Requirement:
Each line below from the "Hilton Garden Inn Las Colinas in Irving, TX" line through the "Broadcom (Avago Technologies)-QFBR-5751APZ" line, those two included, must be restated word for word; the pictures must not be.

Records:
- - - - -

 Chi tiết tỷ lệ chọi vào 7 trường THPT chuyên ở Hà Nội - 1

- - - - -

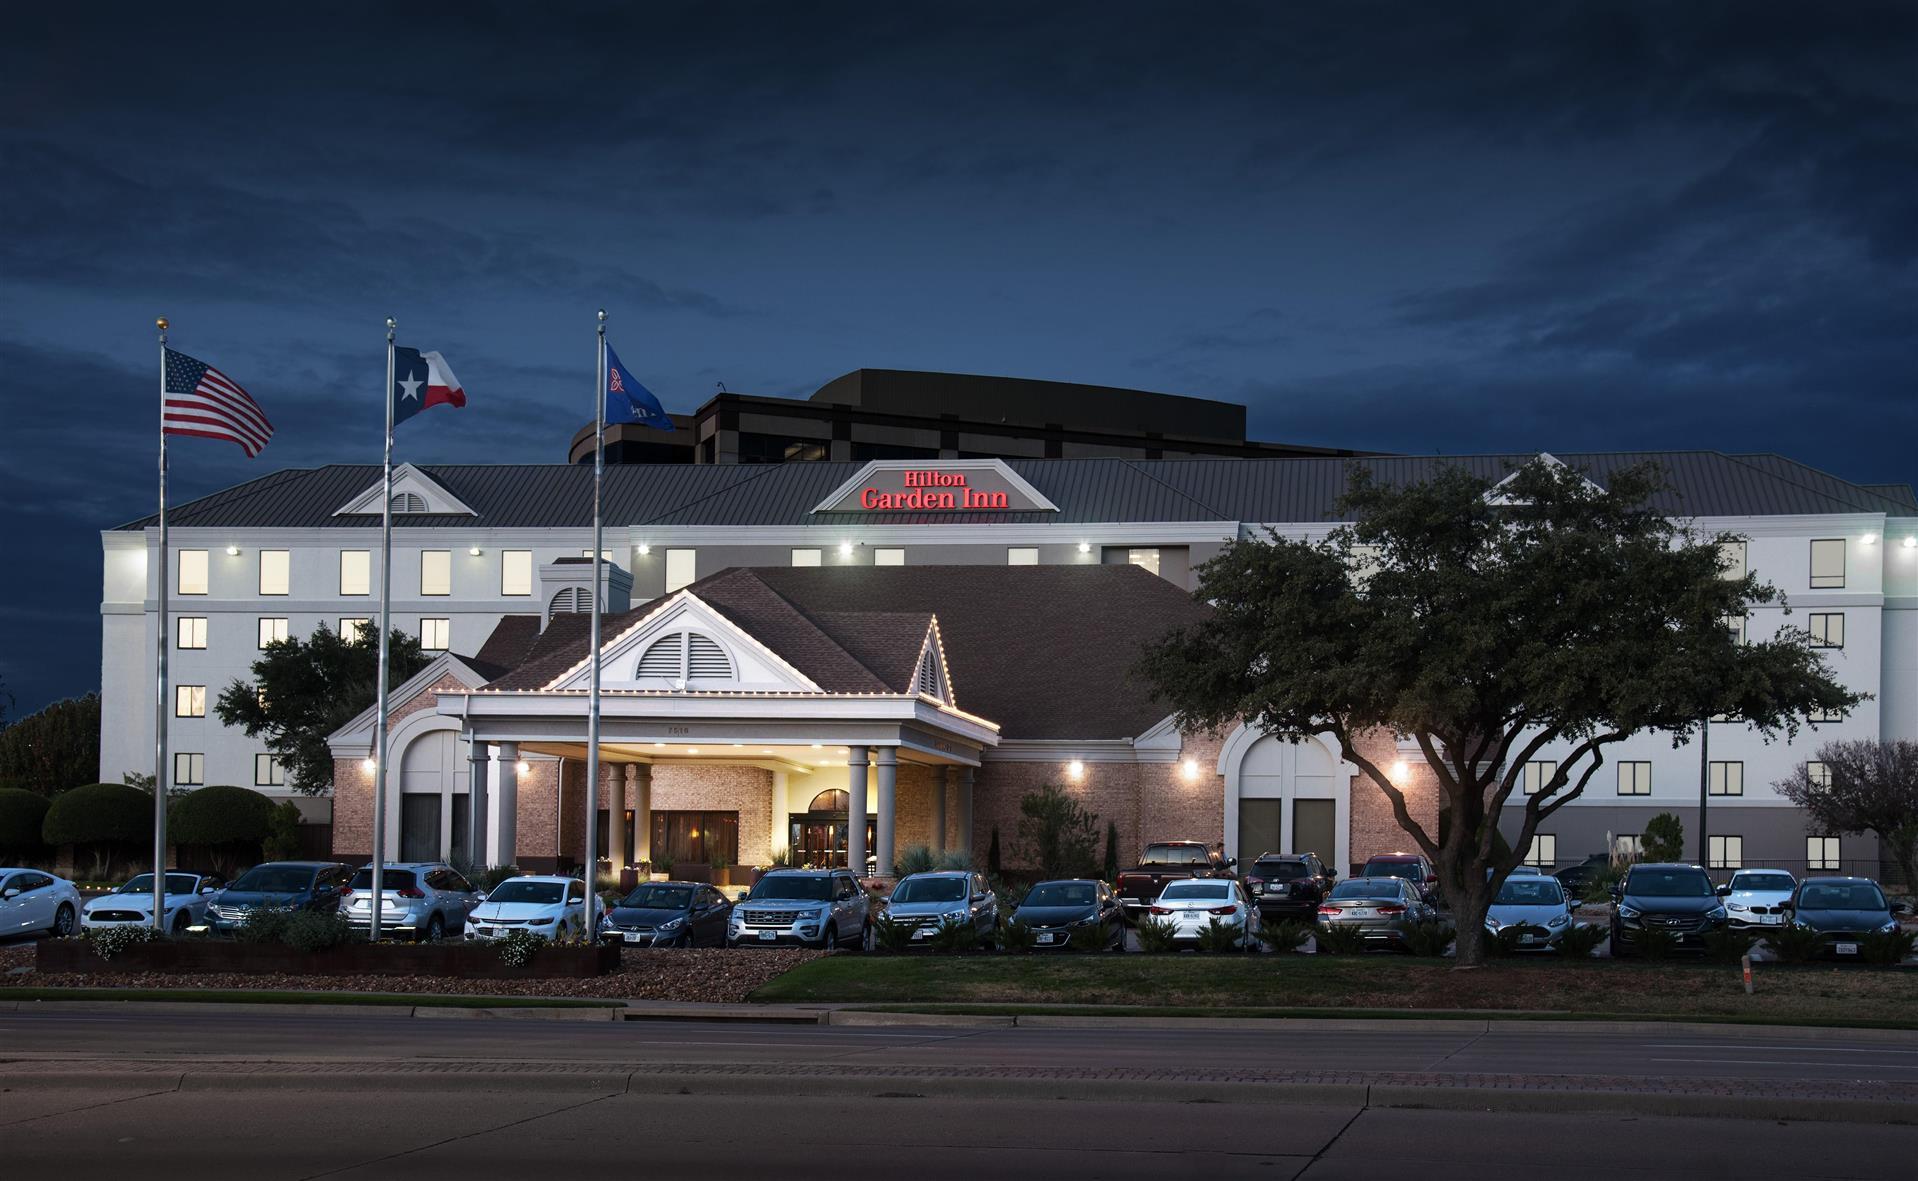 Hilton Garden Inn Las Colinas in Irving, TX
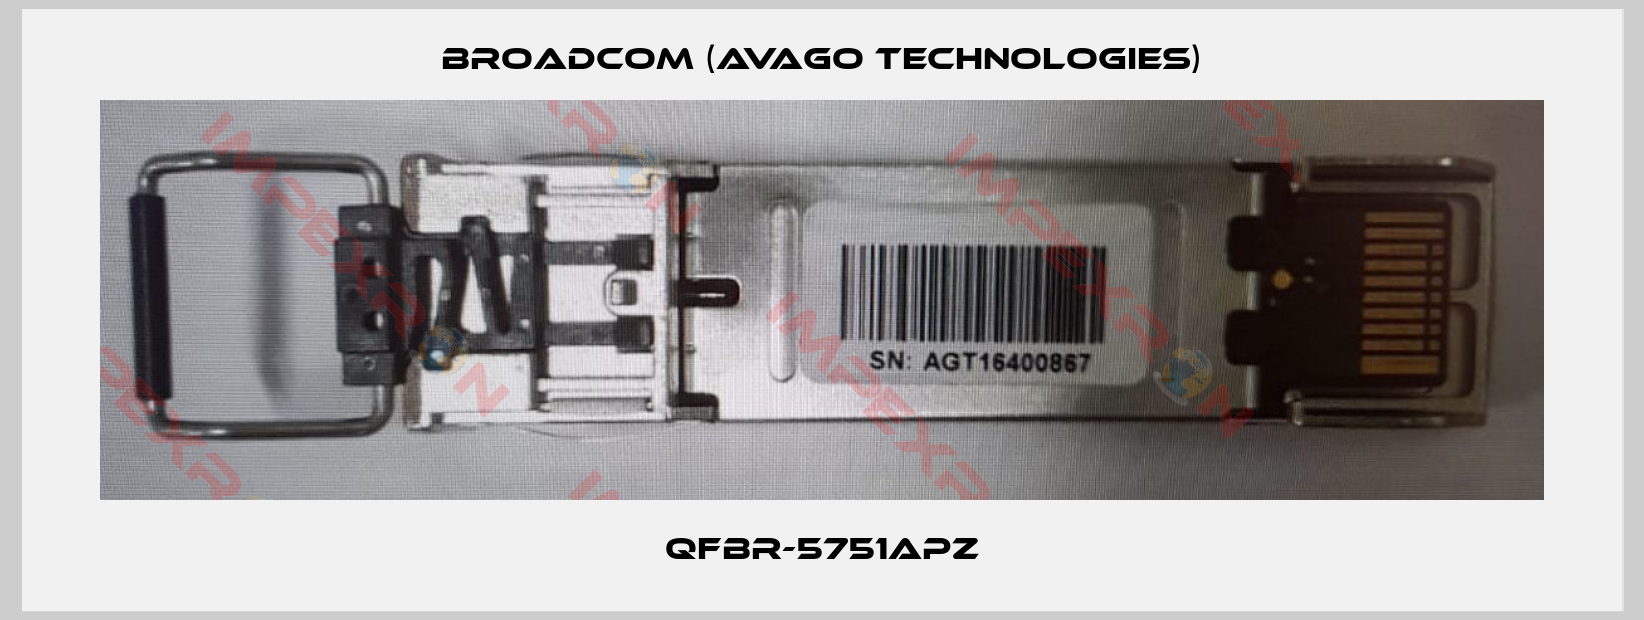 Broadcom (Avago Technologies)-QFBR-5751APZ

- - - - -

Answer to the exercise:
 Hilton Garden Inn Las Colinas in Irving, TX
 Broadcom (Avago Technologies)-QFBR-5751APZ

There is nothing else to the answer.